Friday, March 4, 2011

Reflection - The Church and the American Experience – by Askew and Spellman

This reading was quite eye opening. I have always had a good idea of the American connection to Christianity, but I was very surprised to find how deep that connection ran. The main revelation for me through this book was seeing the where the idea “America is a Christian Nation” came from. Some of the founders of this country may have been Christians but the church tradition they established was somewhat more organizational in purposes than religious. Ethnicity was almost as important as theology when it came to religious groups defining themselves from one another. In Europe the church was very institutionalized and so it would have been very normal for these people to adopt a similar structure in this new land. The beginning of the American church was basically a complex process of multiple transplant European cultures recreating and reestablishing their former context. The early church structure was for religious reasons as much as it was for community structure and survival. That structural desire combined with the pioneer spirit that kick-started the U.S., cause the church to evolve rapidly. While some religious communities did see much growth, in many cases, such as the settlements that started for economic purposes, it is amazing that the church continued on at all. While the purely communal nature of the early American church may be seen as a negative, these churches were rallying points for the communities of the new world – a place to gather and socialize. But is this Christianity? Maybe the early American church got it right on the community aspect of Christ's message but there is a sense that they were missing something.


Something the early American church struggled with would be the issue of attendance numbers and converts verses theological and traditional integrity. This was especially problematic in Puritan communities where new generations who were baptized as infants but did not profess the faith along with unconverted members were allowed to partake in the sacraments.

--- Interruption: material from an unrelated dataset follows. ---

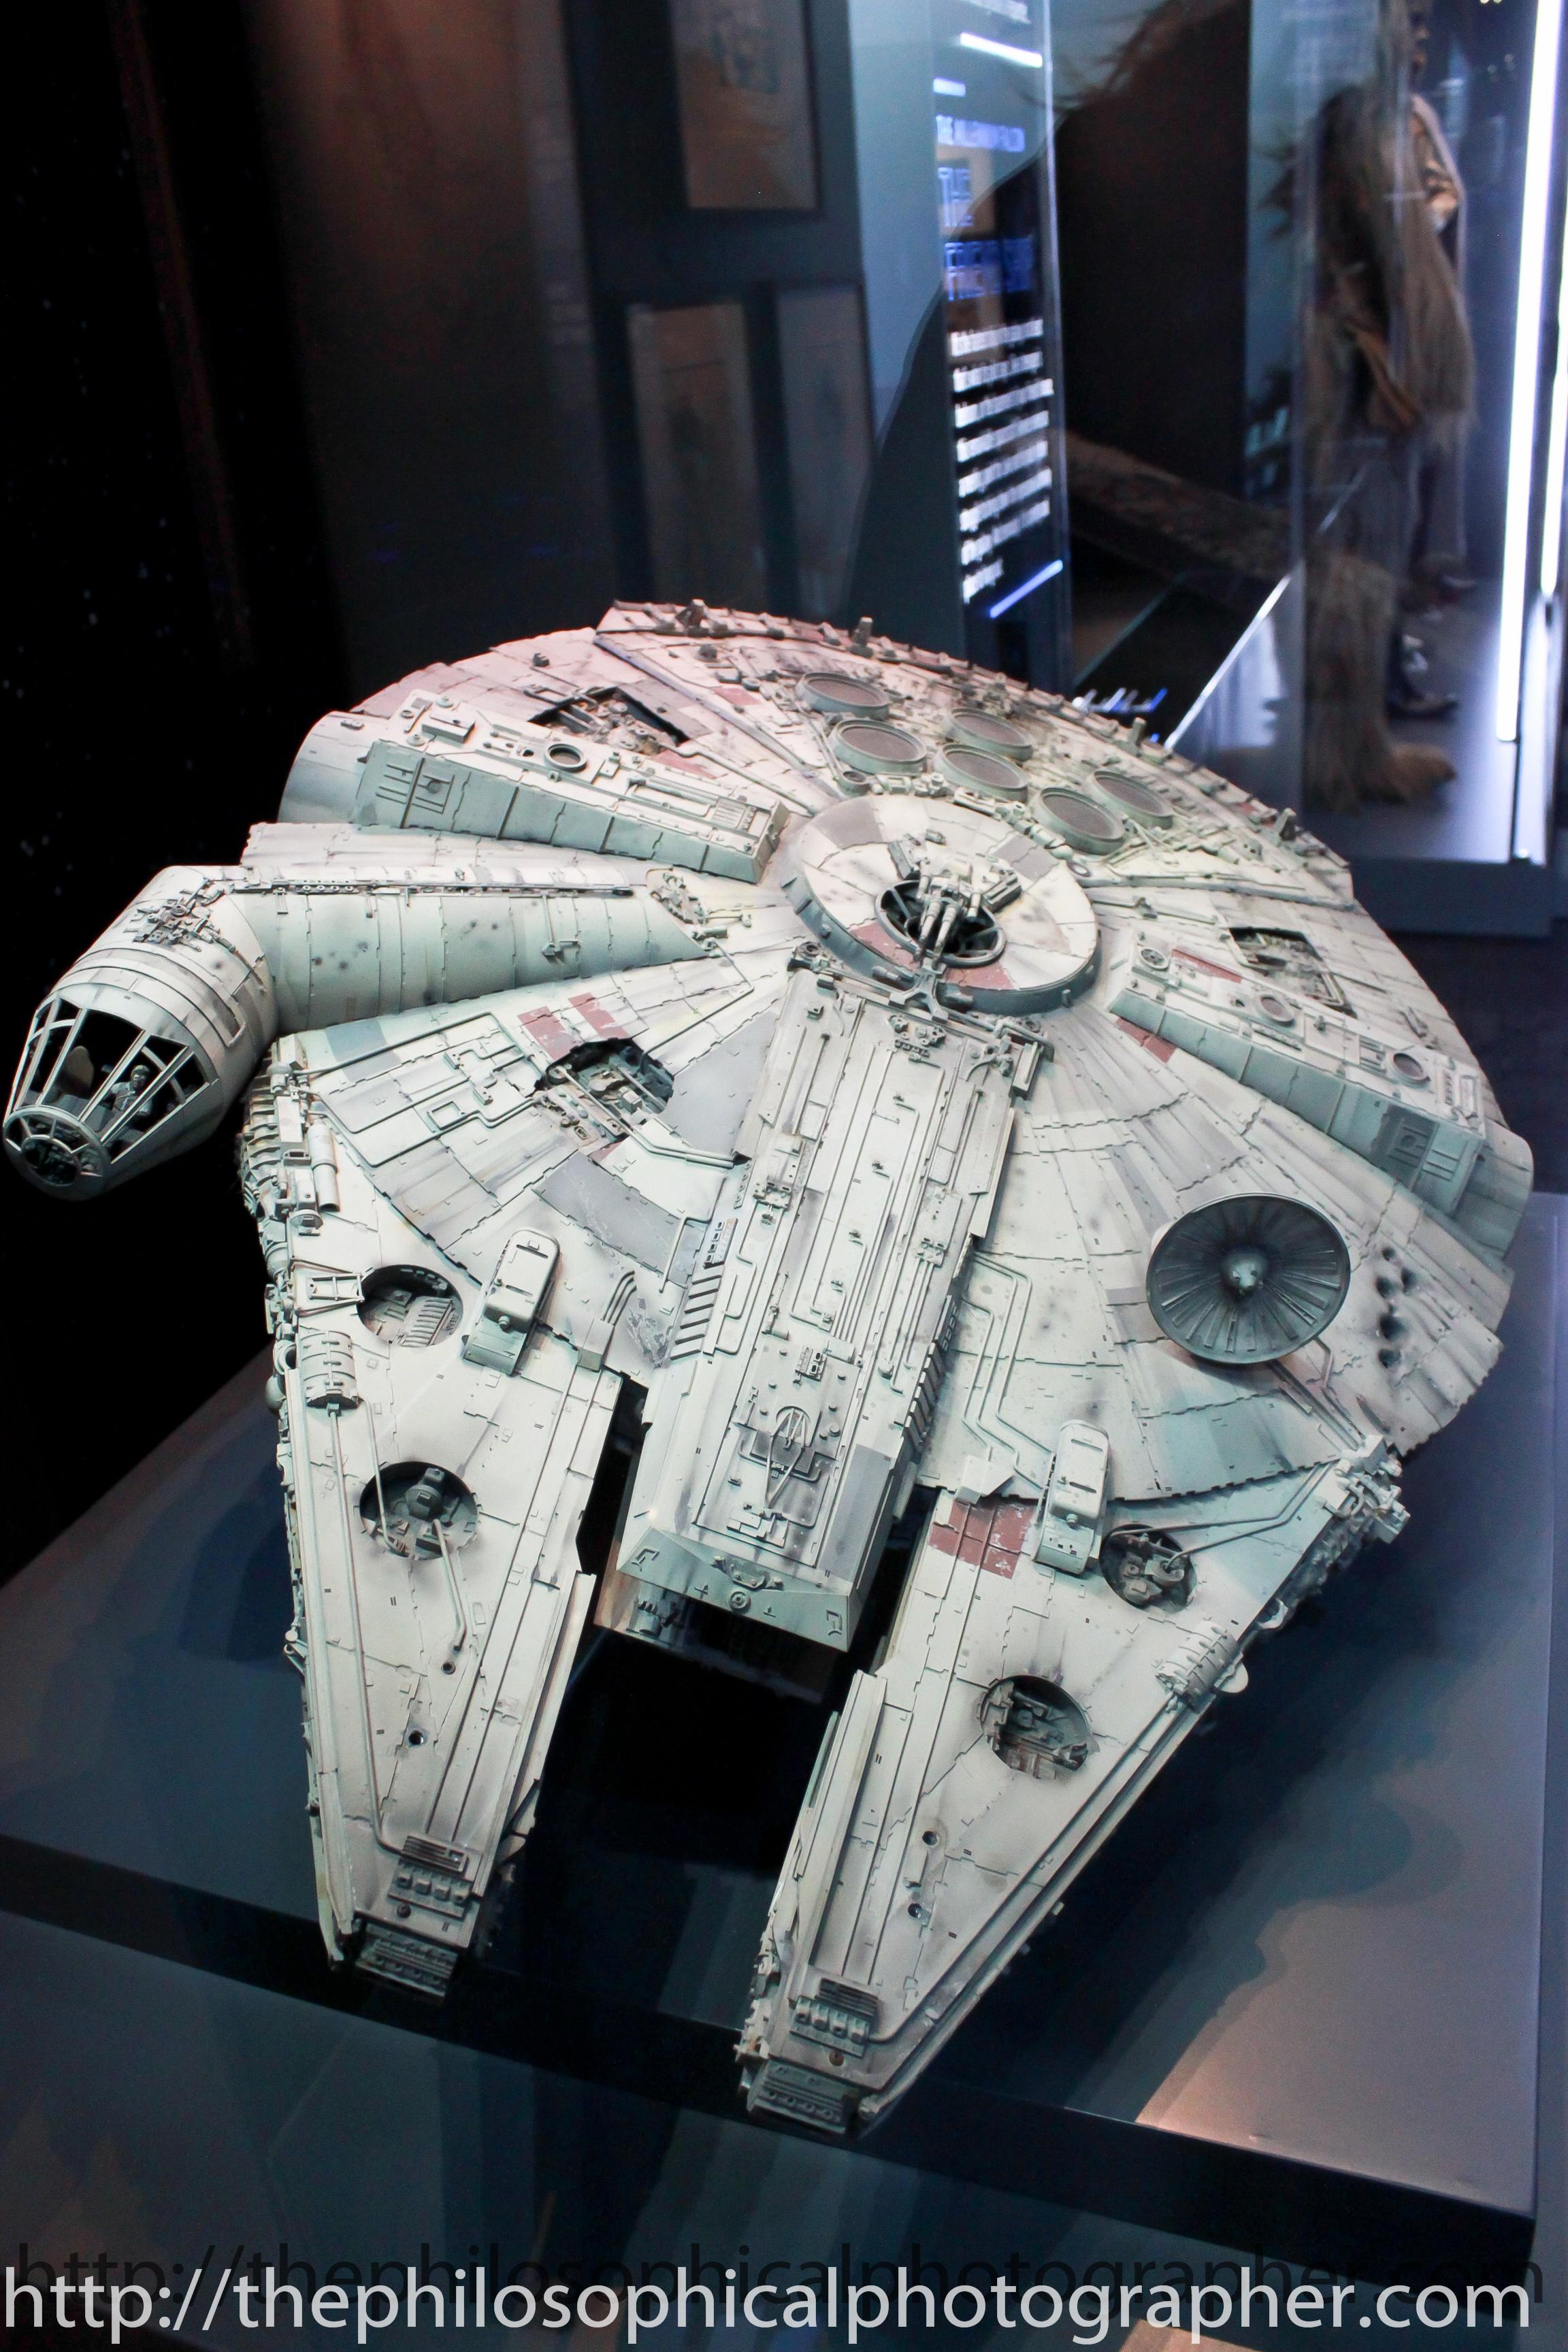 The Millenium Falcon Original Model

The motivation for this was to draw in new converts and member in a time where people started to drift away from these religious communities. The Puritans were just trying to adjust to the cultural and contextual issues relative to the time. But does intention to grow numbers justify watering down the theology that has established the tradition in the first place? How often in our churches today do we sacrifice right practice and belief for the sake of accessibility? I do not believe that a government institutionalized religion is the way to go, people should be allowed to make their own choices on where and how they worship. I also understand the purpose and importance of evangelism but there has got to be a better way to draw people to the church without sacrificing integrity. Many of the early attempts to adjust ritual were meant to keep the younger generations around and this is an issue I see churches dealing with every day. We grow up watching our patients do church but then we also grow up seeing them live life and sometimes we harshly judge their inconsistencies. It is really the parents that give the younger generation a reason to participate in the church. There seemed to be inconstancy in that early church that caused the younger generation to steer away from an institution that they found to be insincere an inauthentic. To preach love and holiness only to experience pain, legalism, and strife – between other Christian communities no less - it should be of no surprise the religious ups and downs and the revivals and awakenings that America experienced. Maybe I am just reading my personal experience into the text, but it is an observation I have noticed time and again throughout history and especially throughout the church.

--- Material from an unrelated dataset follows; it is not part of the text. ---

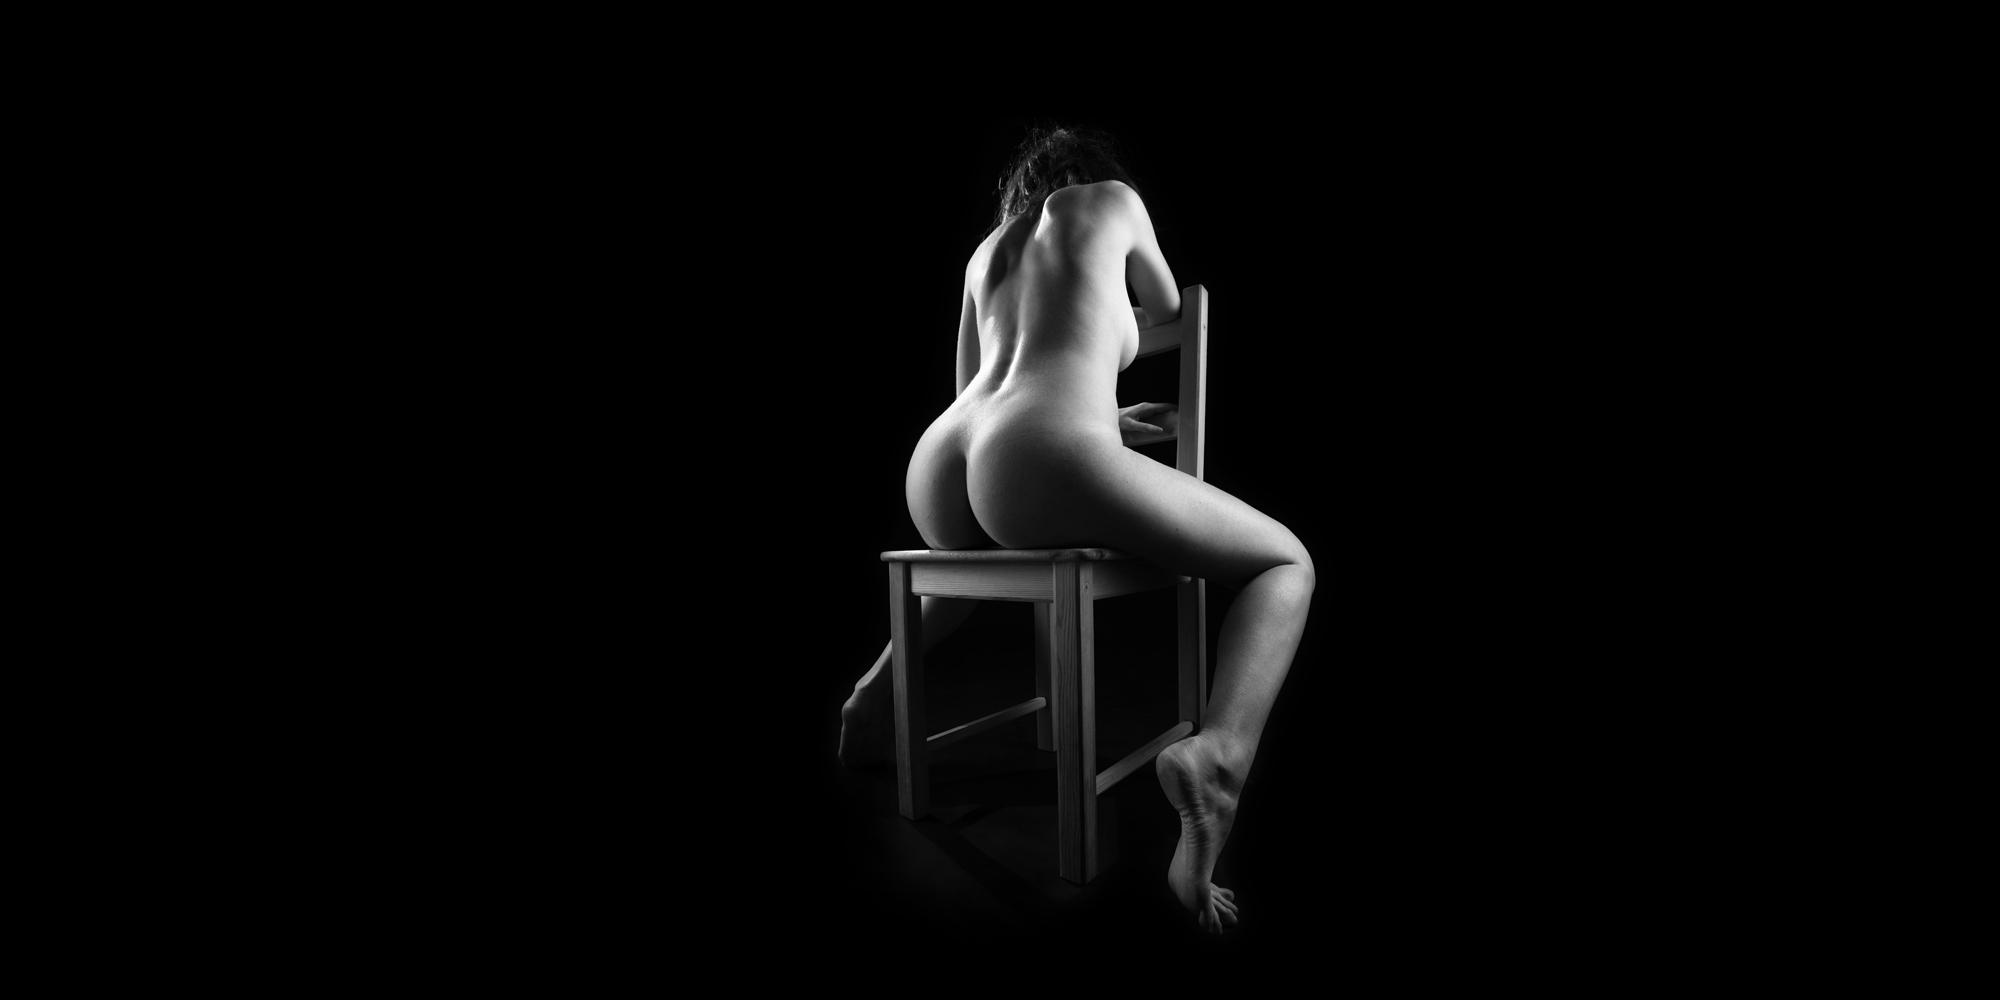 Rückansicht einer nackten Frau in schwarz-weiß, die mit gespreizten Beinen auf einem Stuhl sitzt, sie posiert für ästhetische Aktfotografie.

Another issue that I noticed in the American church is that it is almost fully built upon social action and reaction. Over and over again I have seen the swing from liberalism to conservatism, from social gospel to hard core evangelicalism, and there never seems to be a middle ground. Neither side is fully good or bad, right or wrong, there is definitely some fuzzy theology going on at times (and some groups are actually more wrong than others) but these groups just seem to be reacting to a void left by the current pattern of religious thought and action. I was shocked to read some of the quotes from the evangelists of the 19th century when talking about this issue. The issue was poverty and D.L. Moody was quoted as saying “It is a wonderful fact that men and women saved by the blood of Jesus rarely remain the subjects of charity, but rise at once to comfort and respectability.” Intentionally or not this is just another case of sacrificing the Good News of Christ for the sake of gaining conversion. It also clearly shows how the thread of White Privilege has been a significant ingredient in American Christianity.

What is the most amazing thing to me is that there is a contemporary American church at all. When I read books like this and I see all of the animosity and infighting I just know that God's Spirit is real and at work as the glue holding us all together. What man tears down over and over for selfish gain God makes new, rebuilds, strengthens and restores to do his work in the world. The church is the body of Christ – the agent of God's story. The body of Christ was sacrificed once already to reconcile the world to him, I don't think it needs to happen again. As sad as this book may be at times it is amazing to see how through history, the church, by the grace of God, continues on.